The Hard Work but Wonderful Rewards of Building Relationships

This title is long enough to make the attendant article unnecessary, but just in case someone needs help connecting the dots, I’m going to flesh it out.  So, do we really need another article on one of the most overused words in the English language?  Affirmative…desperately.  Yes, we are all in some sort of relationship, many of us in more than one; we know how to tell good ones from bad ones; we know a lot about abusive and dysfunctional relationships; and, we know how to end relationships—although that one may need some more work.

Too many people, however, think relationships just are…kind of like air, water, sun and wind.  You either have them or you don’t.  If you do, you’re lucky, if you don’t, well, too bad.  Uninformed people think that relationships just happen.  You wake up one morning and, voila!  You walk right into a beautiful, fulfilling relationship!  And, you know what?  These people are right about one hundredth of one tenth of one percent of the time!  For the rest of the nearly one hundred percent of us, good relationships are the outcome of months, years and decades of hard, relentless, indefatigable work.  This is the problem.  It’s also the solution. 

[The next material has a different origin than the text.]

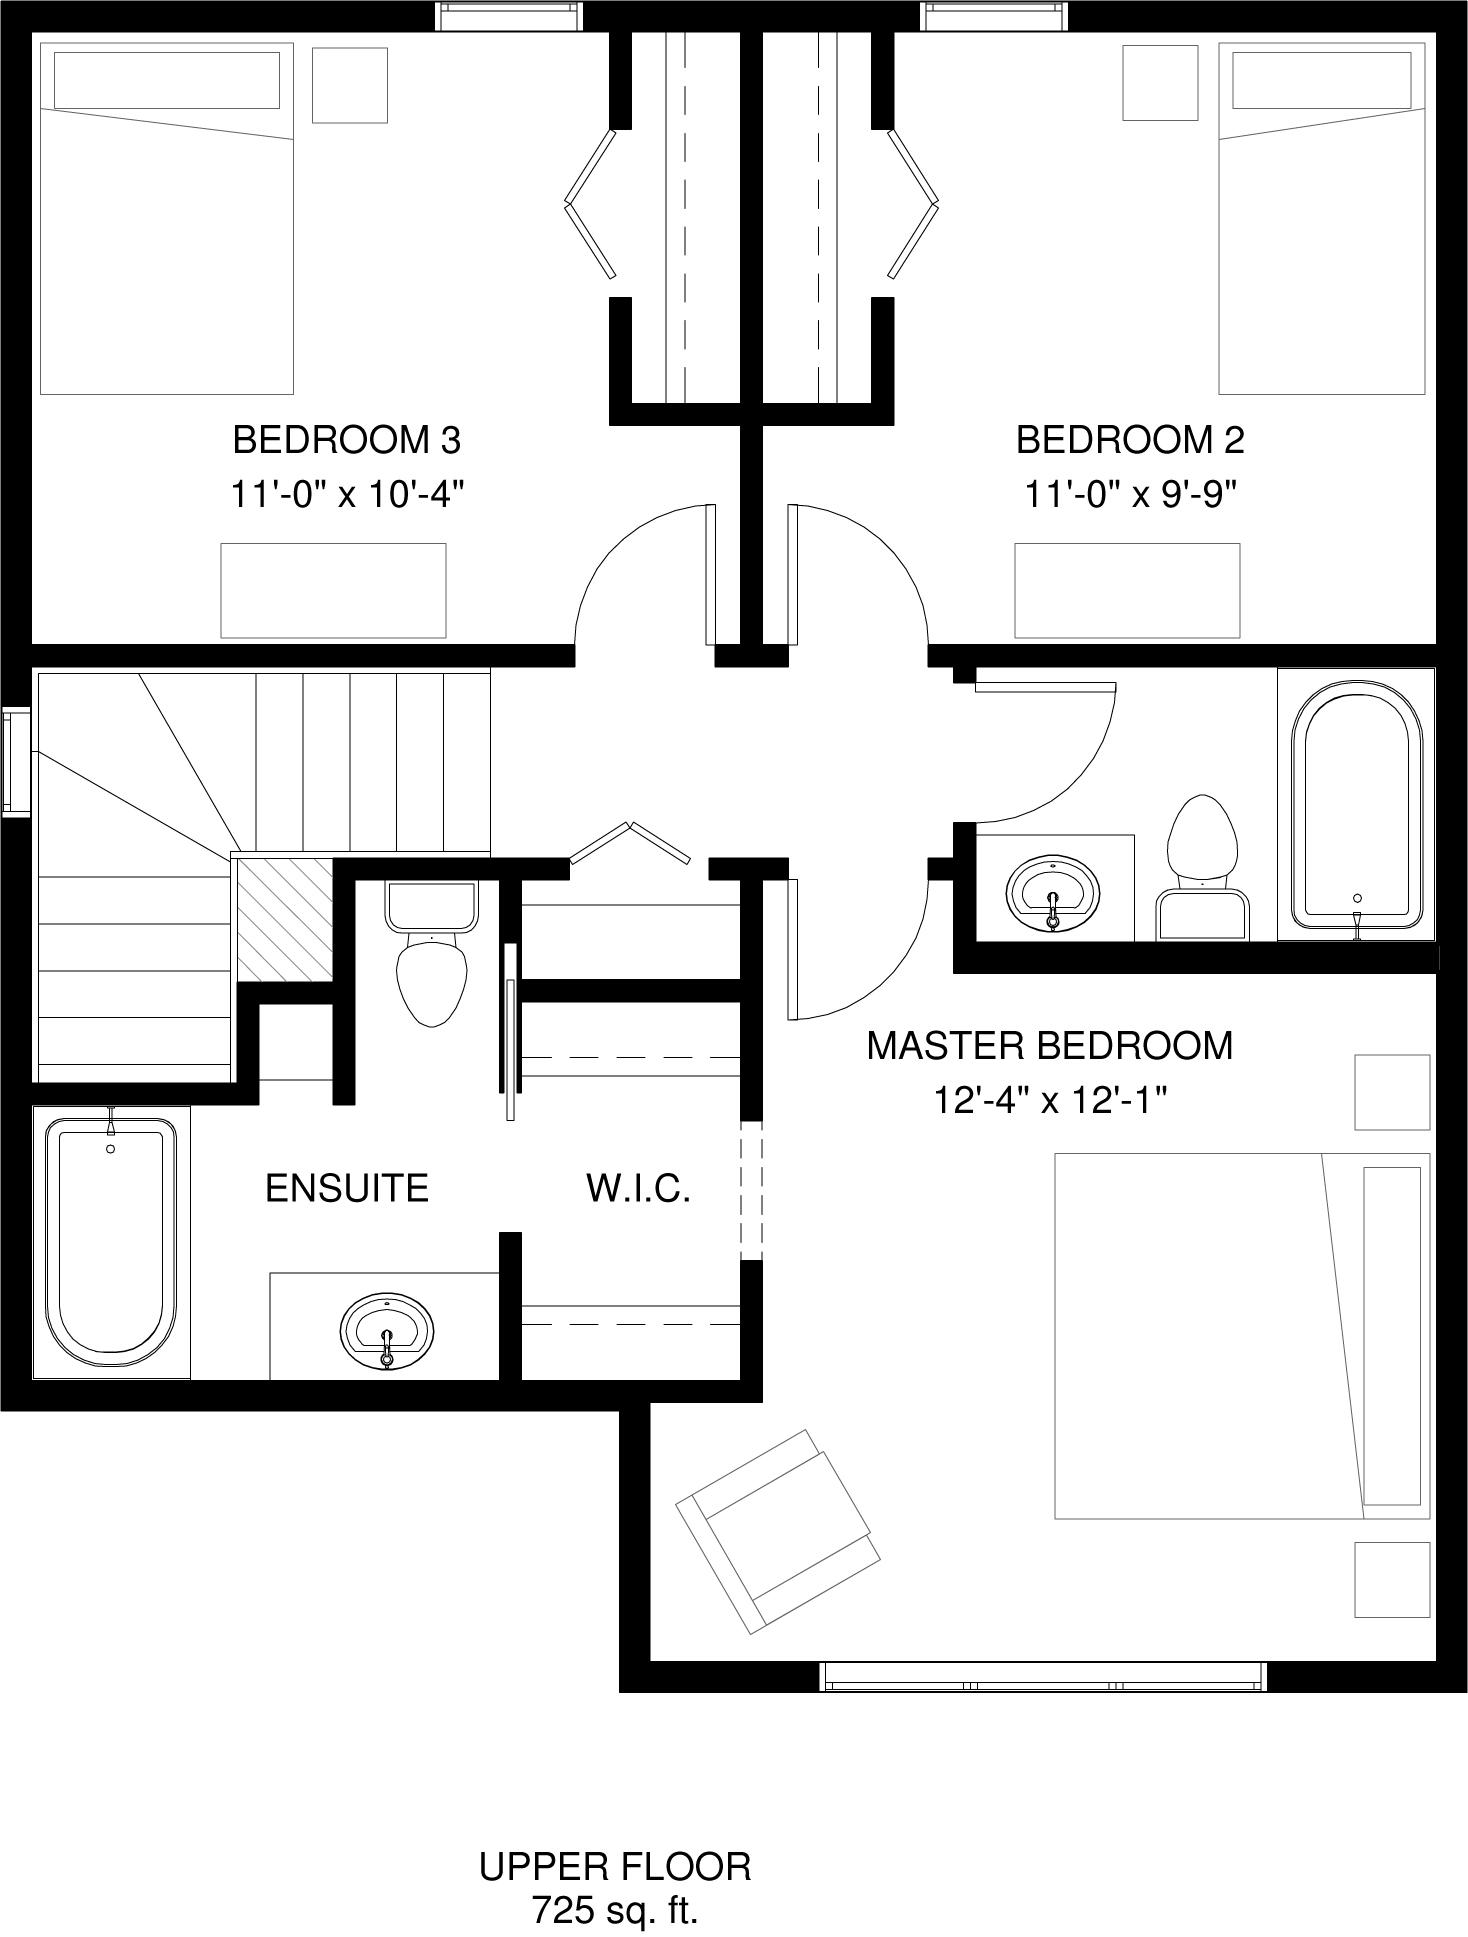 Upper Floor   725 sq ft

Before we go any further, be advised that I am not talking about romantic relationships.  I’m really focusing on the relationship a person has with God, the relationships people have with other church members, and the relationship that maturing children and youth need to form with the church.  It is a HUGE mistake to think that these things just happen or that they will take care of themselves.  Let me be bold: if you are not intentionally investing time, energy and resources into your relationships, they will fall apart and die!  Critical point:  Relationships must be valued for themselves alone—not for what you get out of them, not for personal knowledge, not for financial gain, not for stepping stone or piggyback benefits and not for entertainment.  Relationships, in and of themselves, are the essential ingredients to a rich and fulfilling life.  

Children and Young People

Let’s start with your kids and the church.  I’ve observed two types of parenting habits over the years.  The first is those parents who see to it that their children and young people get involved in church activities.  They bring them to Sunday School and/or youth services, they sacrifice to pay their way to youth rallies, camps and national meetings like Youth Congress, and they encourage them to participate in choirs, dramas and fund raisers.  Much of this is over the kid’s protests and resistance.  The second type of parent never forces anything to happen.  “Johnny doesn’t like Sunday School.  Suzy doesn’t like the youth leader.  If I make them get involved, they will end up resenting the church…and me!  I’m just going to pray for them and let them make up their own mind.”  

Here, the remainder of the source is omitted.